I am 16 and I love you and I’m standing on your step

I took a photograph in my mind but I don’t know where it’s kept

I’m embarrassing and limited with thoughts I have repressed

But I’m 16 and I love you and I have a lot to give

It’s a pretty wonderful sentiment, and it’s so well executed you almost completely gloss over the fact that the final lyrics of the song is Williams telling his nay-sayers to “go fuck yourself” (sung with gloriously reverb-drenched bravado). Two songs in and the classic, sardonic Williams of old is back and in full force.

In fact, it could even be argued that Take the Crown‘s Side A is the single most consistent run of songs Williams has had in a decade. “Candy” serves as a great introduction to Crown‘s panaromaic pop ambitions (even if the chorus does get a little bit lost in its own grab bag of metaphors), the positively Springsteen-esque “Shit on the Radio” is another arena-rocking single waiting in the wings that will fool casual observers into thinking it’s actually about the music industry (it’s not), and the big mid-tempo ballad “Different” (a Barlow co-write, naturally) plays right into Williams’ wheelhouse, the dominant string sections helping lift up an alright song into something grander, proving that sometimes the right production can make or break a song regardless of quality, Lee proving to be Williams’ best sonic foil since Chambers by far.

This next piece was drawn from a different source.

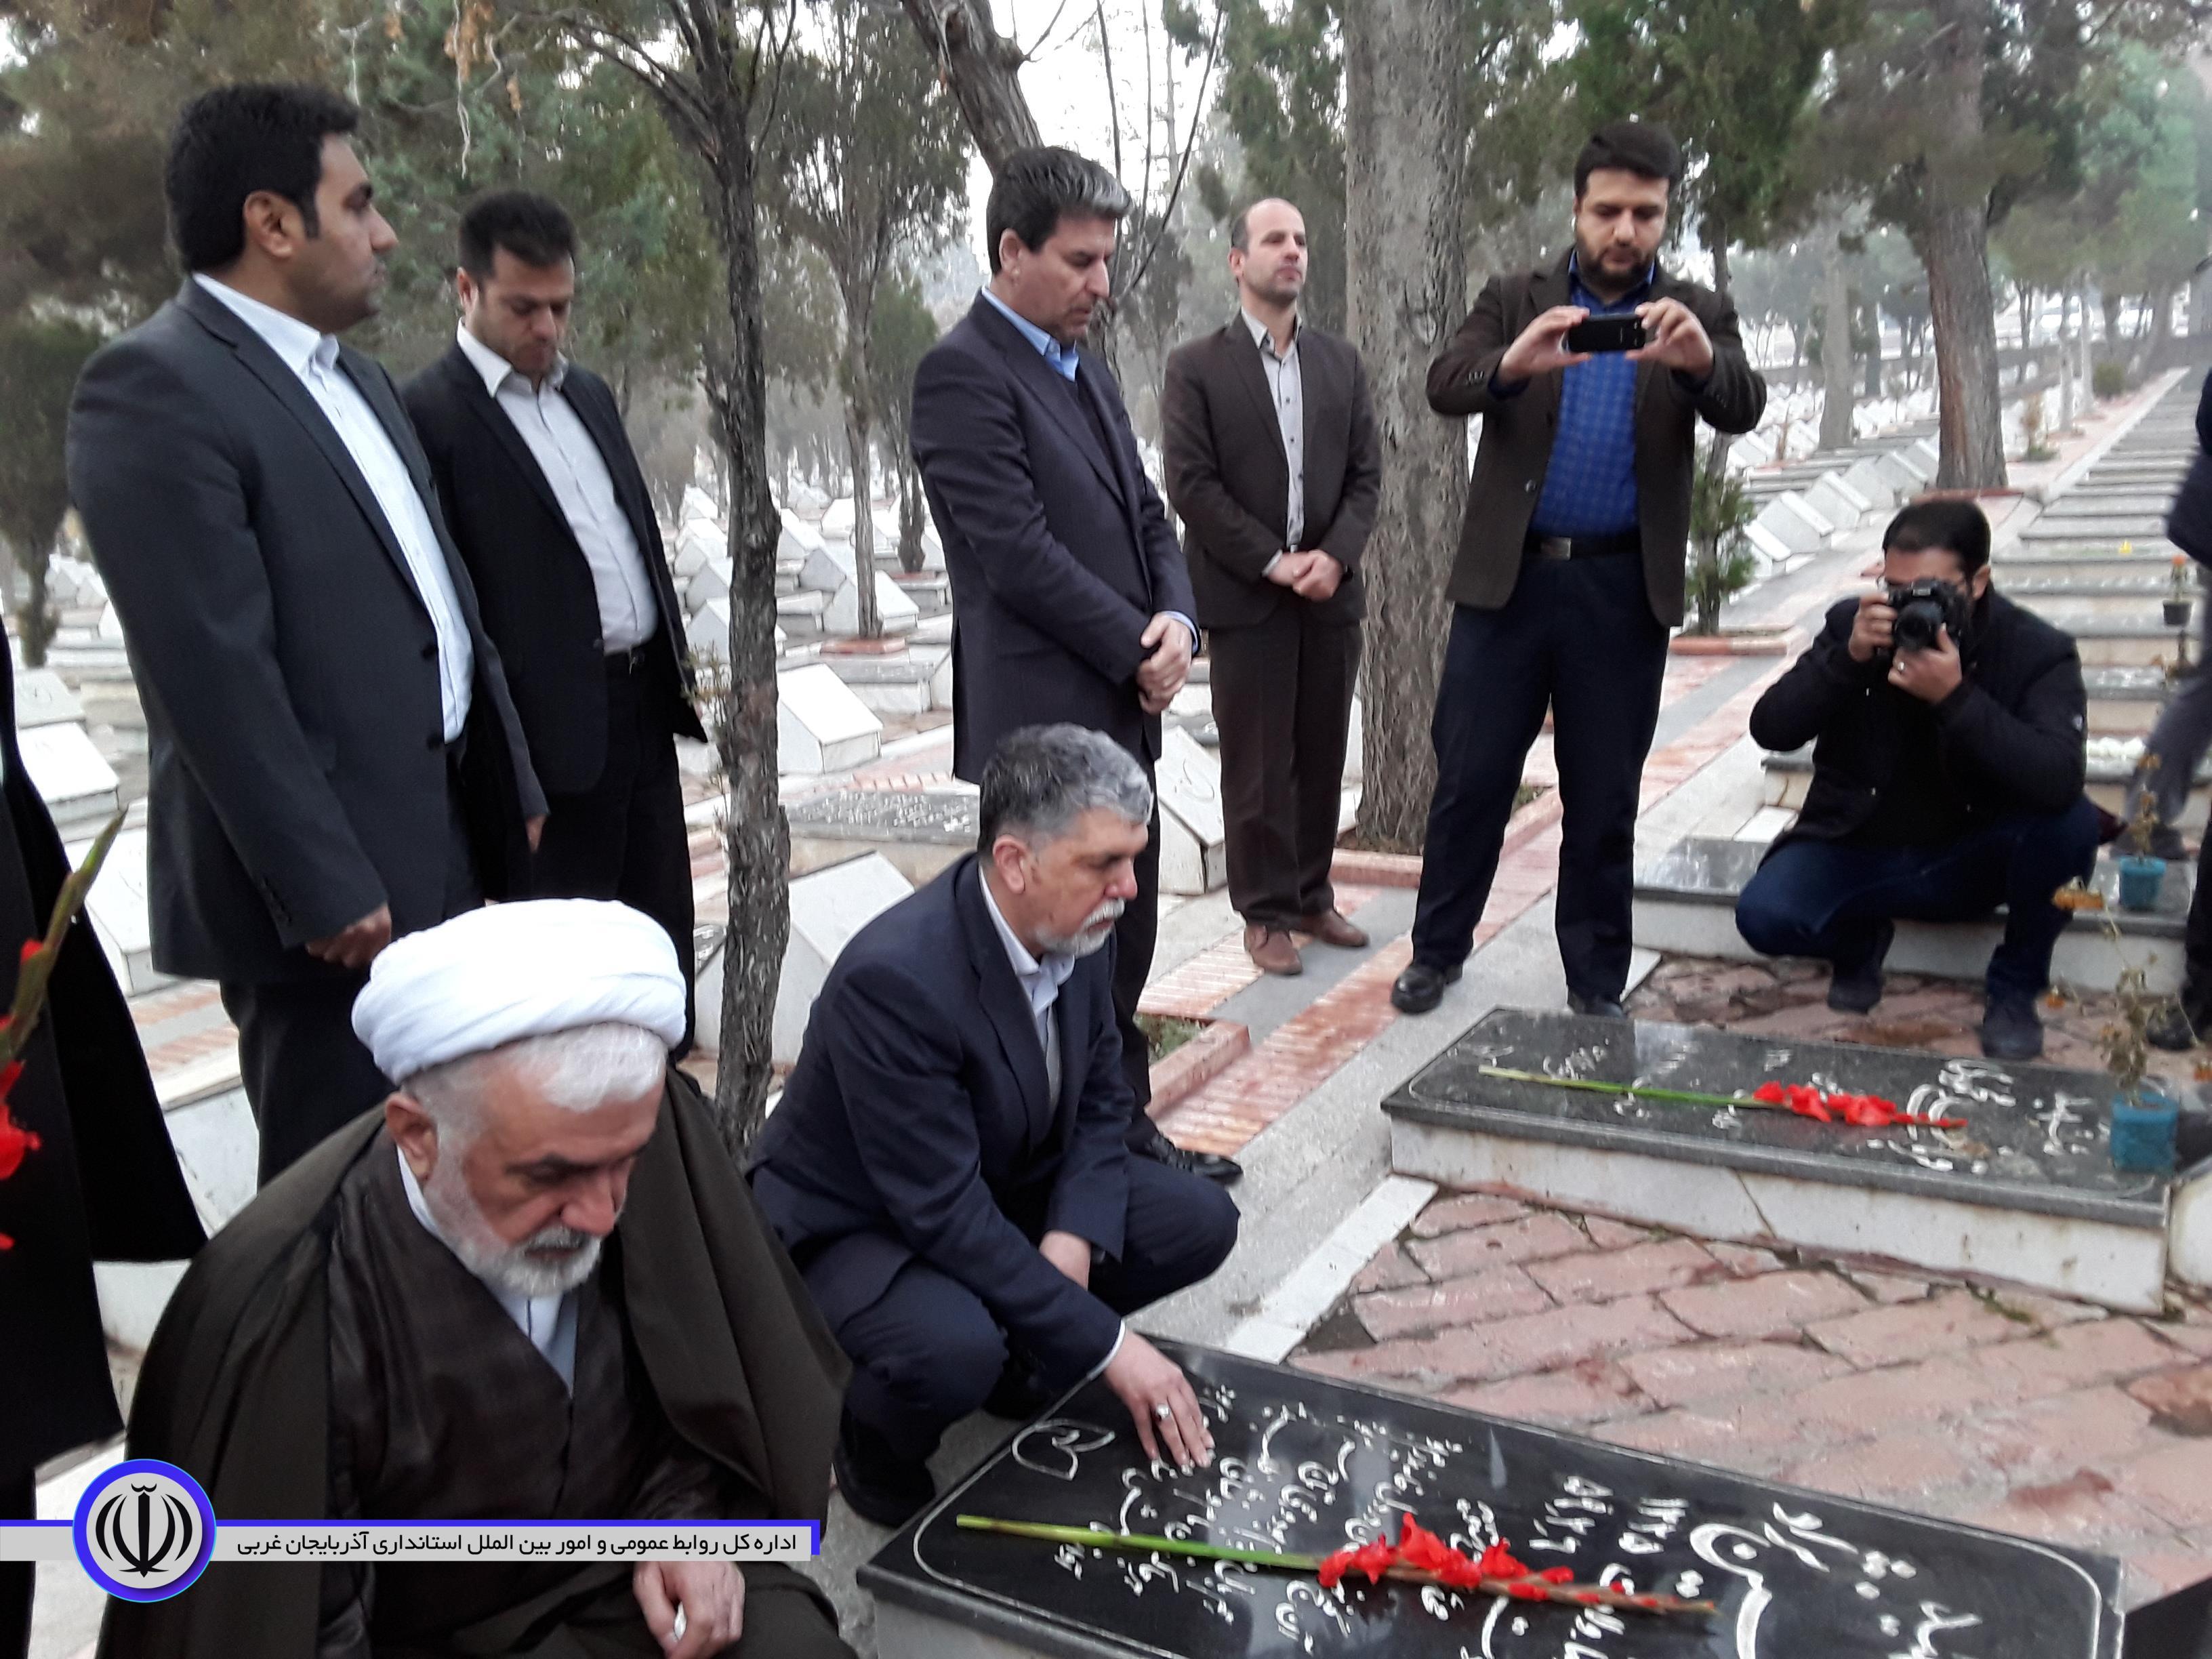 ادای احترام وزیر فرهنگ و ارشاد اسلامی و استاندار آذربایجان غربی به مقام شامخ شهدا در ارومیه

Once “Shit on the Radio” ends, however, the album doesn’t necessarily take a turn for the worse as much as it starts trotting out sounds and tropes that we’ve already heard on the disc’s first half. “Hurting for You” starts coping some of the Killers-esque ’80s sheen (again), “Into the Silence” is a surprisingly tepid attempt at writing a U2 song, and the closing Lissie duet “Losers” ends the album on a rather bland, disappointing note, those lonesome acoustic strums spending too much time waiting for the next note to come, the track obviously going for poignant but ending up squarely on boredom. The goofy, brainless rock rush of “Hey Wow Yeah Yeah” thankfully breaks up the monotony by cranking up the distorted vocals and saying absolutely nothing of substance for its entire 172 second runtime, serving as a surprisingly effective palette cleanser. (Side note: shame the pretty good ballad “Reverse” is relegated to the album’s Deluxe Edition, as the only other track it’s coupled with is an amazingly pointless re-do of the Take That Progress tear-jerker “Eight Letters”.)

Yet even with that less-consistent Side B in mind, there’s still no denying that Take the Crown remains the most wildly entertaining album Robbie Williams has released in years, unabashedly broad in appeal but immaculately well-crafted, at times even rivaling Williams’ best work. When you break it all down and step back from the album as a whole, you realize that this disc’s title could not be more fitting: the throne has always been yours, Robbie. After years (and years) of coasting, all you had to do was want it back — and with Take the Crown, you finally did.